Questionado acerca da nossa função, enquanto sociedade, no ultrapassar de barreiras em relação à saúde mental, Gonçalo Neves é perentório: “A única coisa que podemos fazer é a tomada de autoconsciência. Eu só posso compreender o outro a partir do momento em que me compreendo a mim próprio”. Nesse sentido, o psicólogo alerta para o facto de a palavra “narcisismo” ser, muitas vezes, mal utilizada. “Nunca pode ser visto como uma coisa errada. Se for um narcisismo psicológico, ou seja, alguém que não é capaz de pensar no outro, significa que essa pessoa foi suficientemente maltratada, mal acolhida e mal amada para estar à procura desse amor”, salienta. Acrescenta ainda que “se isso não acontece, vai tentar criar um cenário fantasiado de que é uma pessoa muito boa e a maior. O narcisismo deve ser visto como um pedido de ajuda e não como um ataque”.

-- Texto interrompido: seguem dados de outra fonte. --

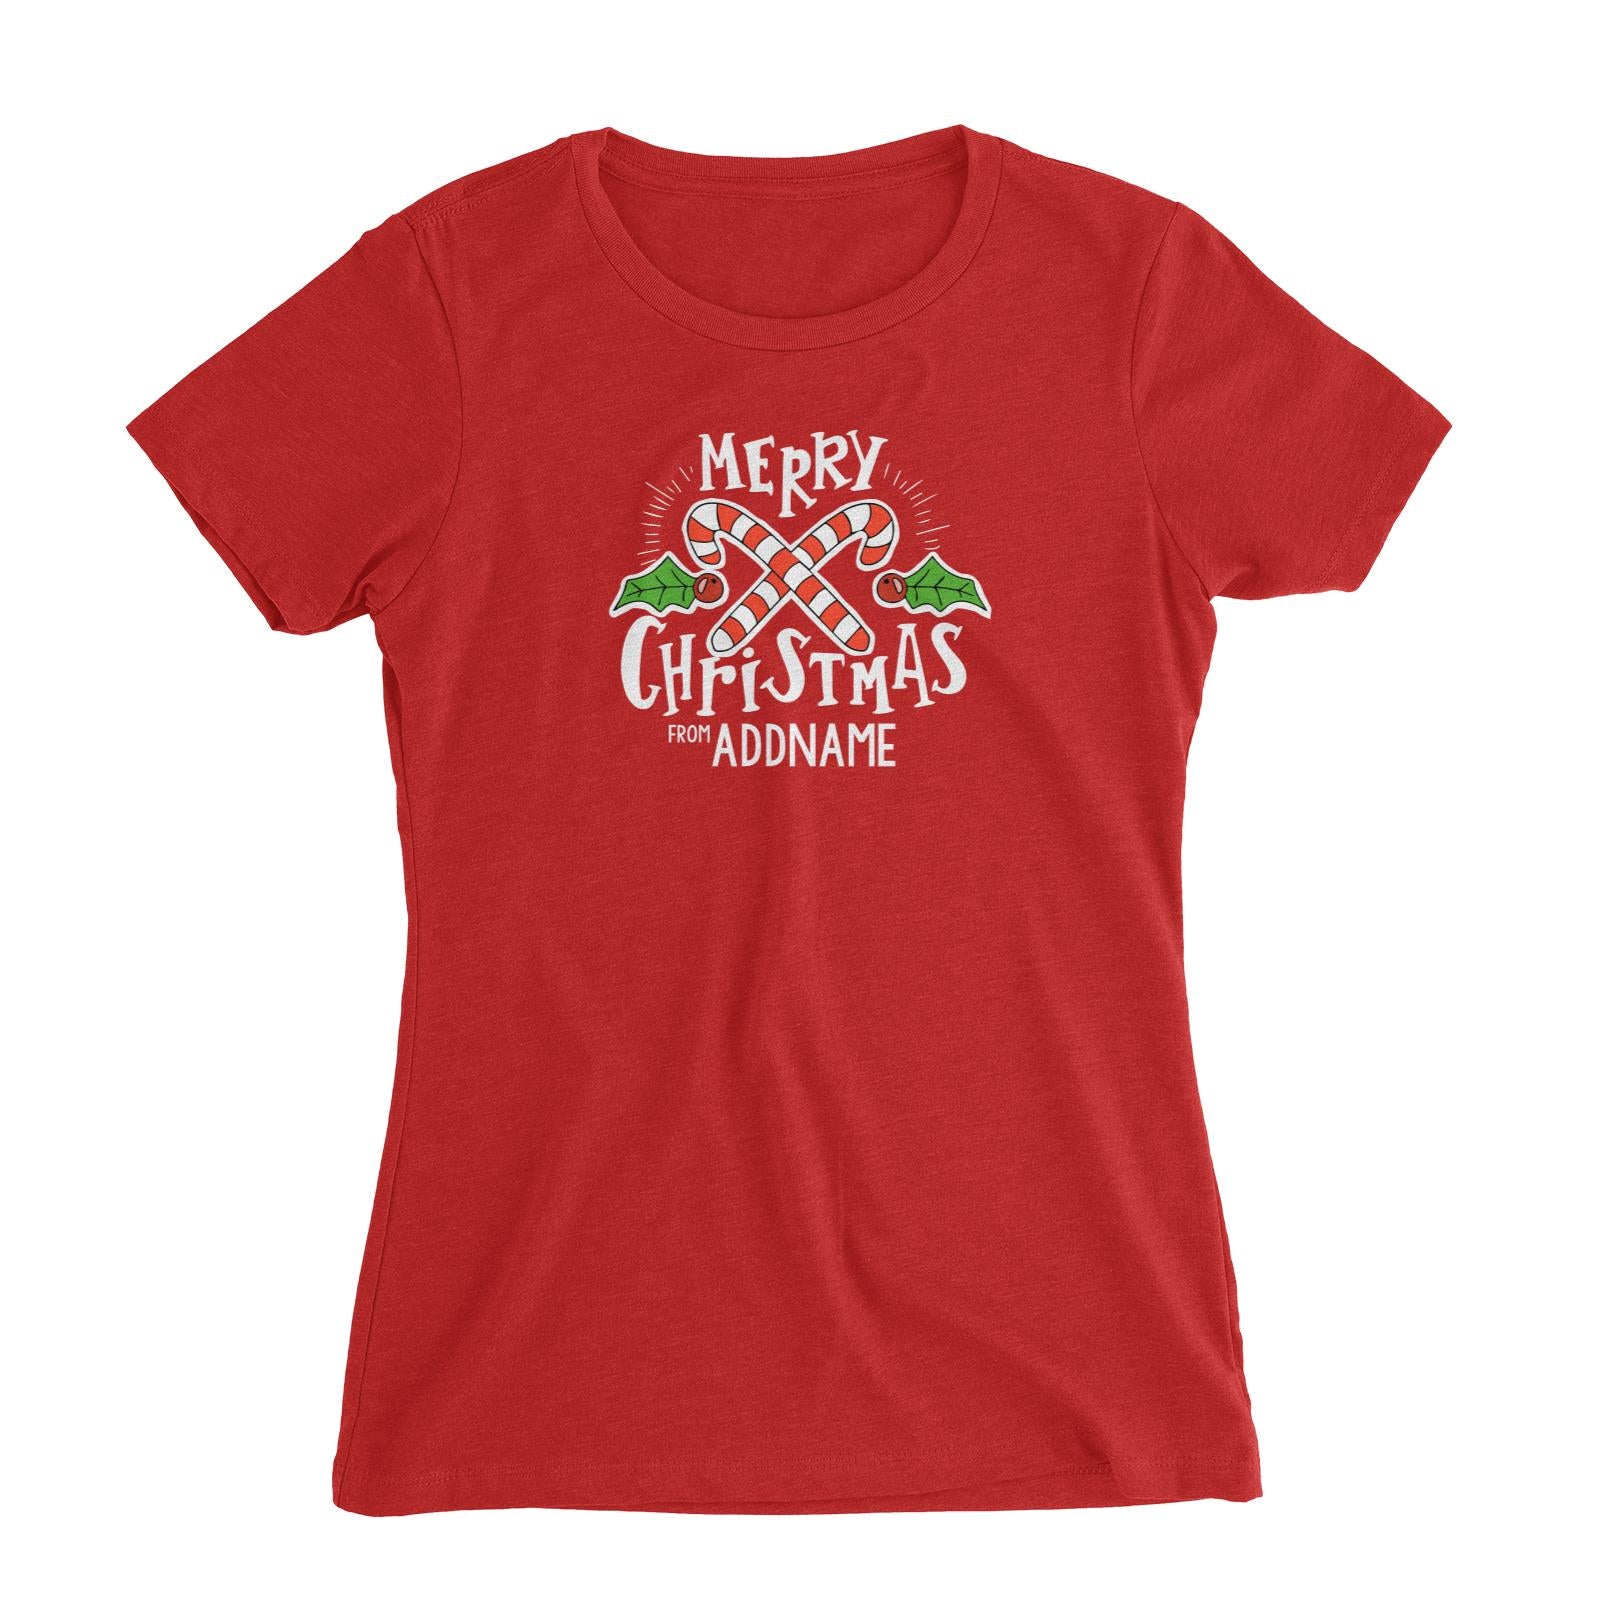 Merry Chrismas with Holly and Candy Cane Greeting Addname Women's Slim Fit T-Shirt Christmas Matching Family Personalizable Designs Lettering

A BlindTalk propõe-se, assim, a auxiliar os que a ela recorrem através de um acompanhamento online e personalizado. A plataforma tem vindo a crescer exponencialmente, quer em Portugal, quer na diáspora. “Queremos ser uma marca de referência no nosso país. Além disso, como já temos tantas solicitações em outras línguas, gostaríamos também de chegar mais longe internacionalmente. Isto é, estamos a crescer em português, mas com o olho no internacional”, conclui Gonçalo Neves.